Regarding your last point, actually I am working on the chat feature of a live-streaming platform, so now the thing is that we don't want the user to wait for too long while the messages are fetched, and also we know that the frequency at which messages are sent on livestreams depend on the streamer's popularity.

Please have a go at my proposal above in combination with timeFilter and let me know if this is still needed.

D4nte commented 3 years ago

@ritvij14 how is it going?

I am actually facing a situation where I may need an API similar to what you need. What about changing the callback type to (messages: WakuMessage[]) => void|boolean and if callback returns true we stop querying pages?

you can then keep a counter on your side to stop after you retrieve N messages.

ritvij14 commented 3 years ago

@D4nte so the callback thing right now works great, and the fetching is faster. But sometimes not all messages are fetched and sometimes they are, like the user needs to reload stuff.

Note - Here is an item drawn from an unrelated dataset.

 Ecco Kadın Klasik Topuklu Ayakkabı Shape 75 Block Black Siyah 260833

Also yes, your idea sounds good, in our case when in livestream there were chances that 1-2 messages might get missed while the fetching of messages while sending times and also we won't have control over the number of messages being fetched, so this modification to callback might be actually better.

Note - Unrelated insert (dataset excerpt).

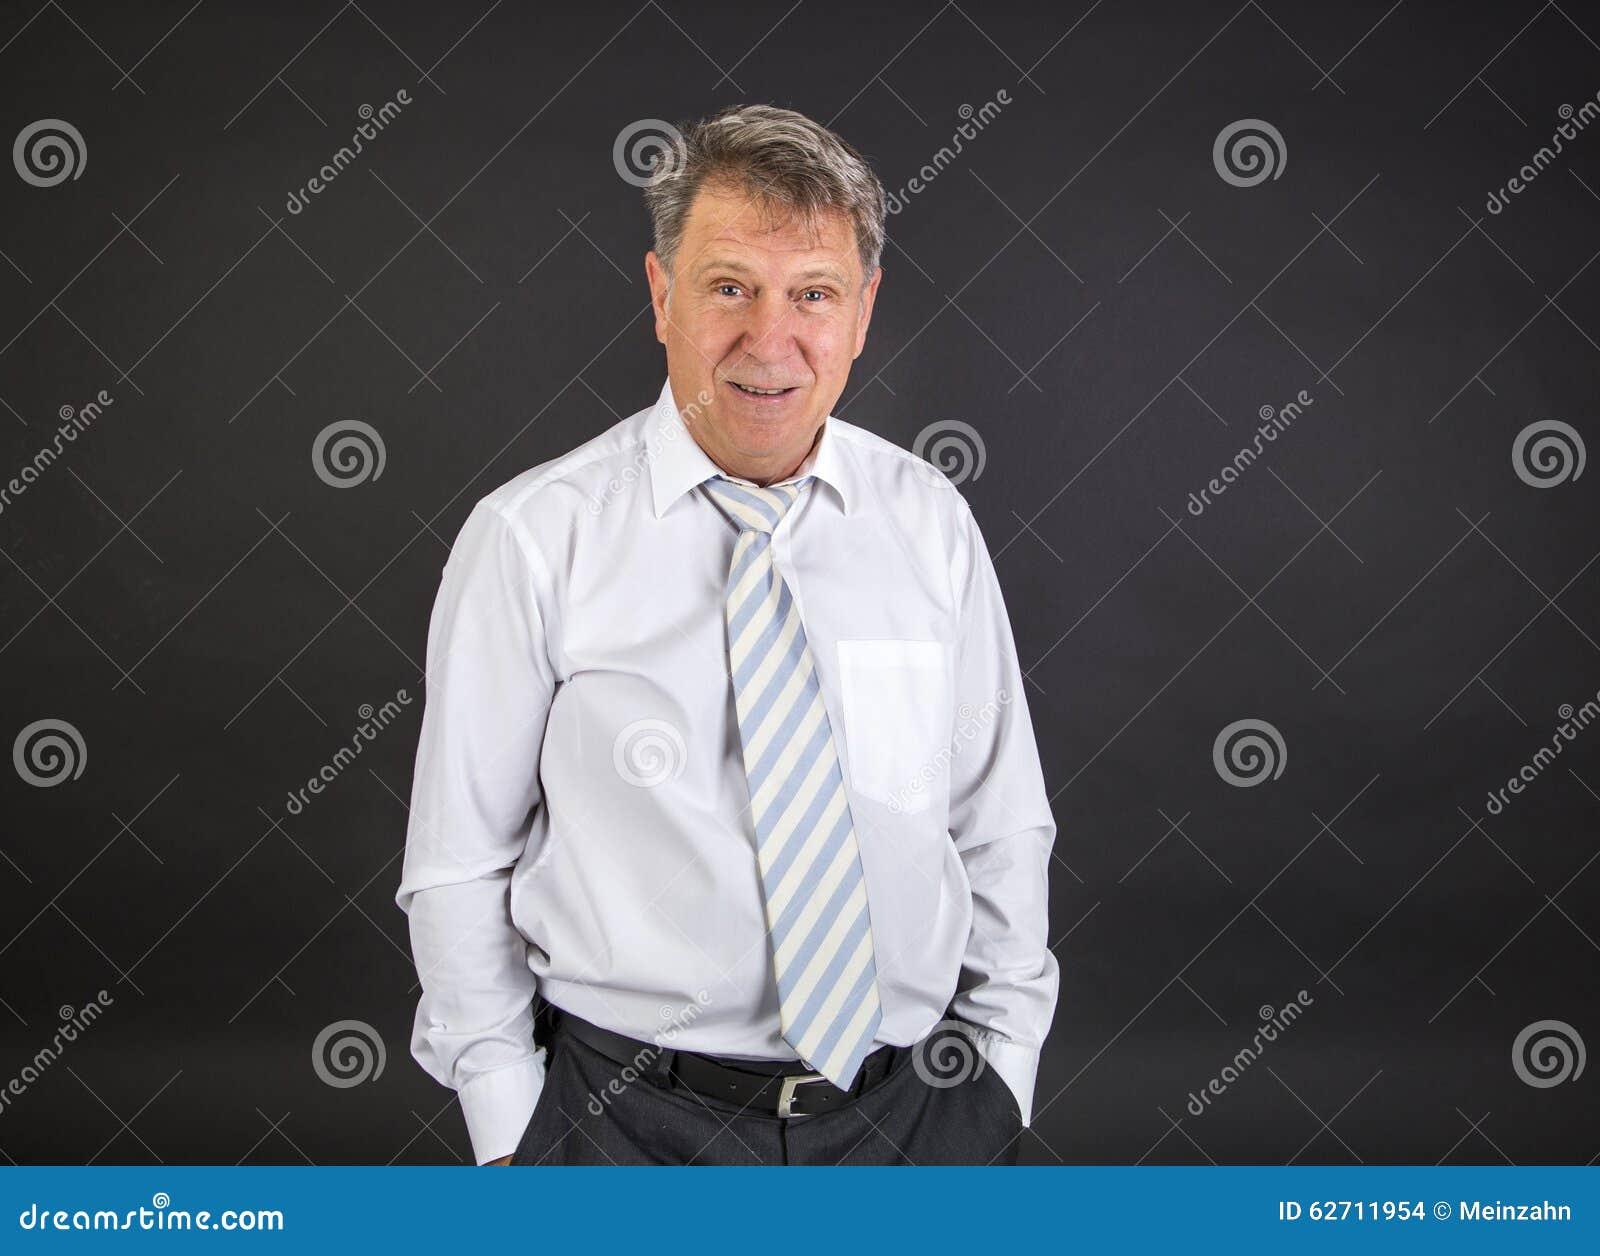 Όμορφος επιχειρηματίας στο άσπρο υπόβαθρο

D4nte commented 3 years ago

@D4nte so the callback thing right now works great, and the fetching is faster. But sometimes not all messages are fetched and sometimes they are, like the user needs to reload stuff.

Feel free to report the errors you see when messages do not get fetched.

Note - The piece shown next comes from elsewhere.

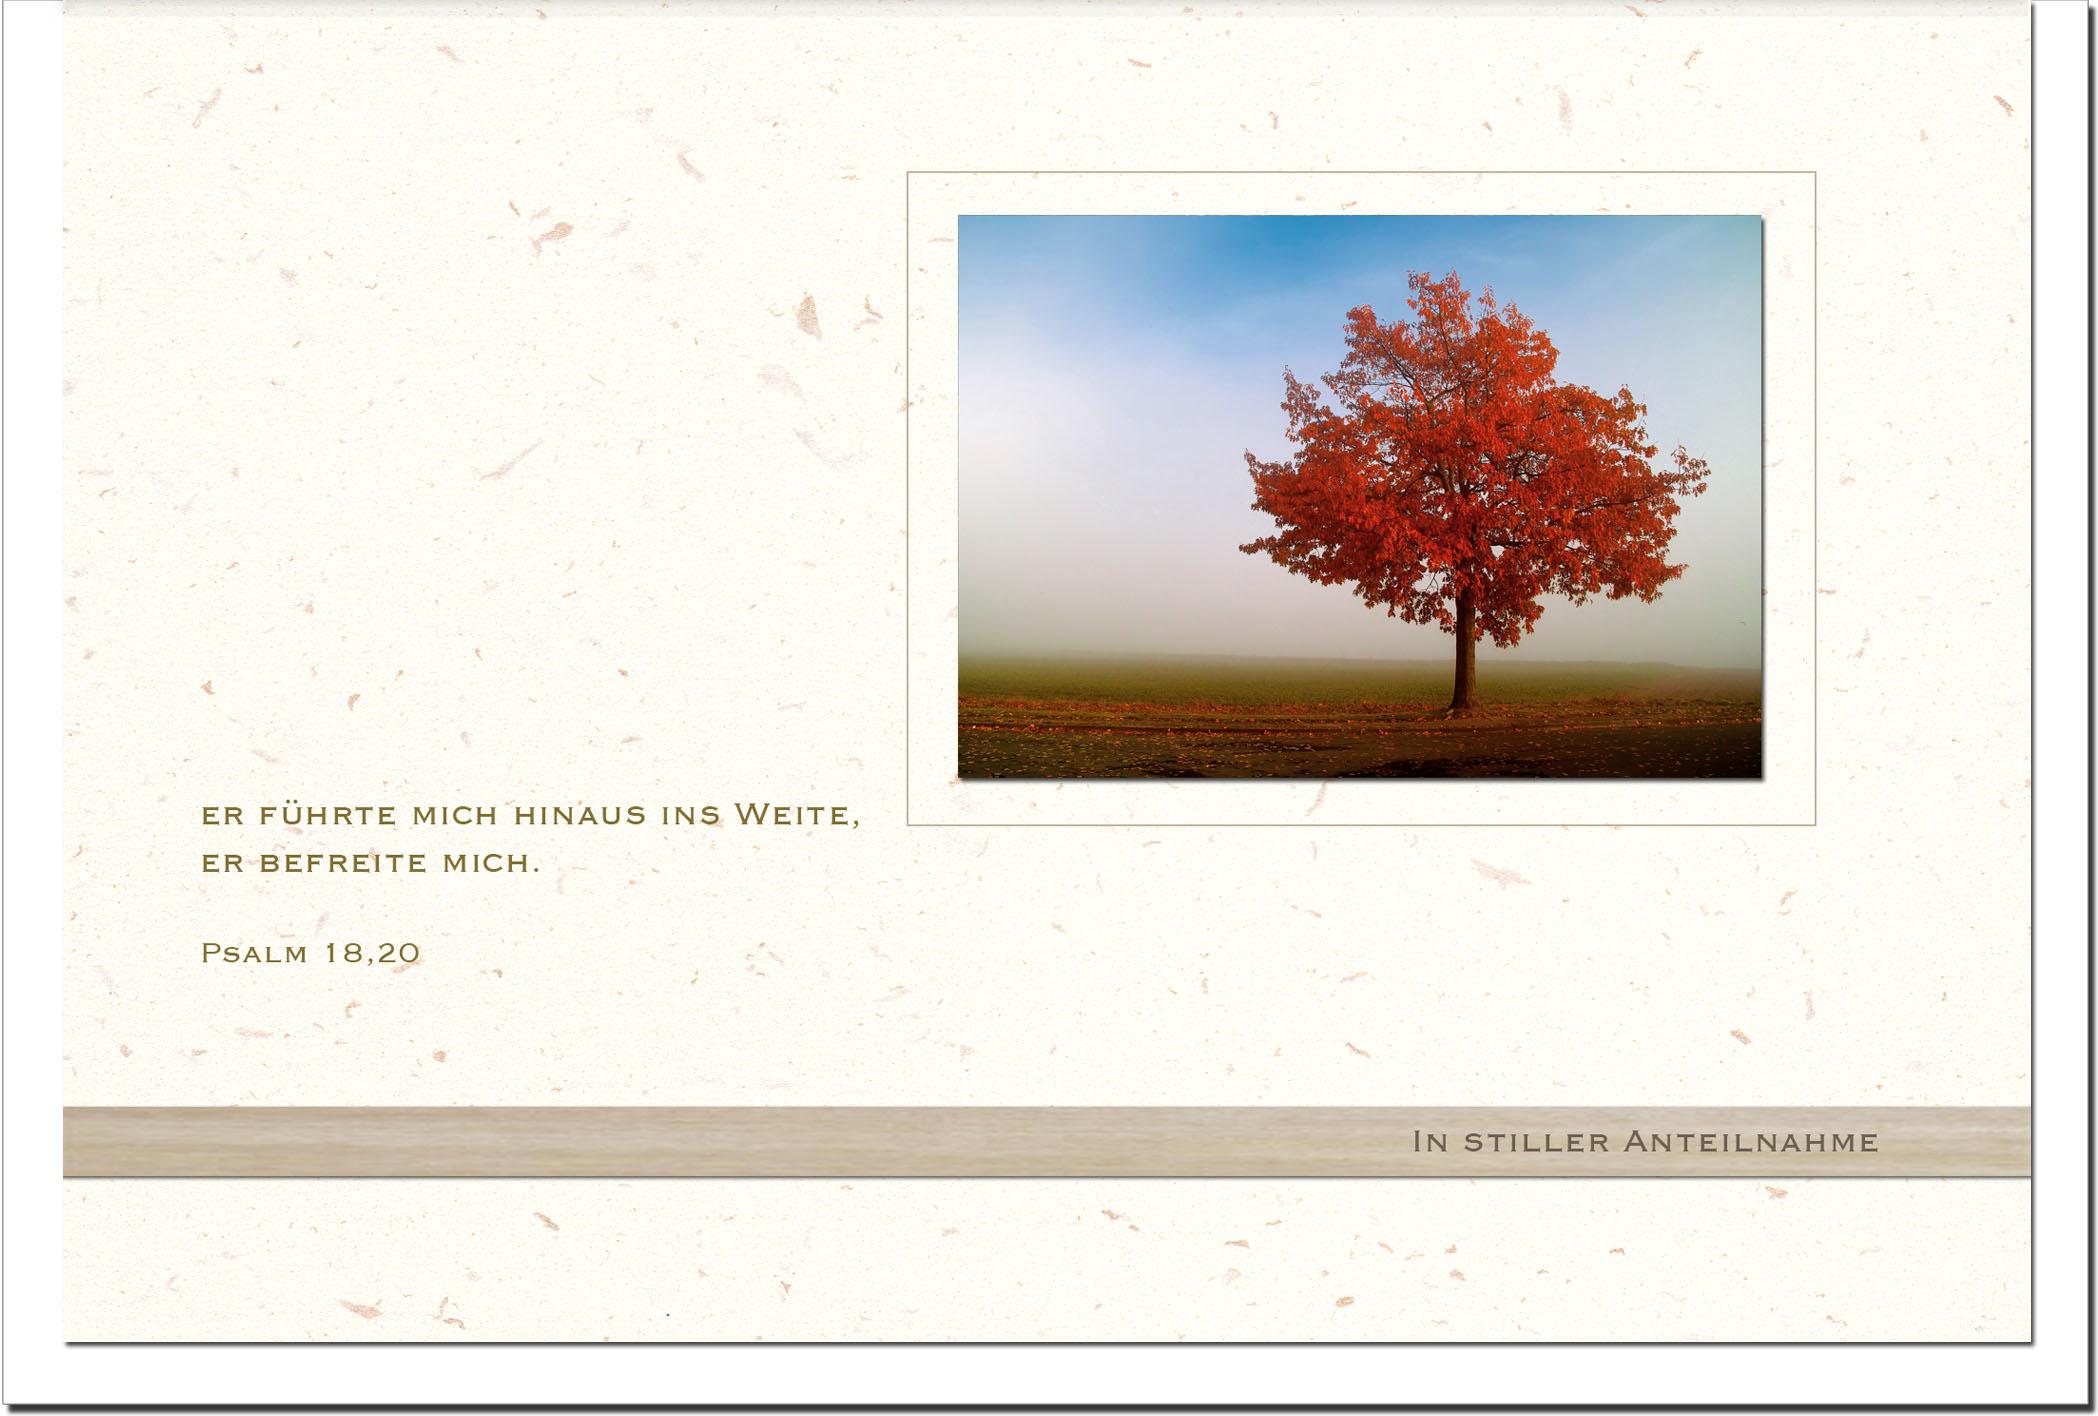 Kondolenzkarte ERLÖSUNG | Herbst | metALUm #00564

D4nte commented 3 years ago

See https://github.com/status-im/js-waku/pull/310

The test demonstrates how to query a limited number of messages.

ritvij14 commented 3 years ago

@D4nte thanks! One doubt though, this is my current code for callback function:

const processWakuHistory = (retrievedMessages) => {
    const messages = retrievedMessages
      .map((msg) => processMsgs(msg))
      .filter(Boolean);

    setWakuMsgs((waku) => {
      return messages.concat(waku);
    });

    if (wakuMsgs.length === 20) return true;
  };

But on one of my content topics, I sent 24 messages and all of them got fetched. Am I doing something wrong?

D4nte commented 3 years ago

Are you using js-waku master? Because I haven't released a new version of js-waku containing the code change.

The messages are still retrieves per page. By default 1 page contains 10 messages. You can change that with the pageSize parameter.

You use .filter(Boolean) which means that messages may contain less than 10 messages at a time.

Let's say on the first page, you filter 1 message out so wakuMsgs.length is 9. then, you filter 0 message out, so wakuMsgs.length is 19. then, you have to retrieve the 3rd page (24 messages fits in 3 pages). Hence, you have retrieved all messages.

D4nte commented 3 years ago

The change is now released in 0.14.0. I see you also fixed your code. Closing, please re-open or open a new issue if you face any other problem.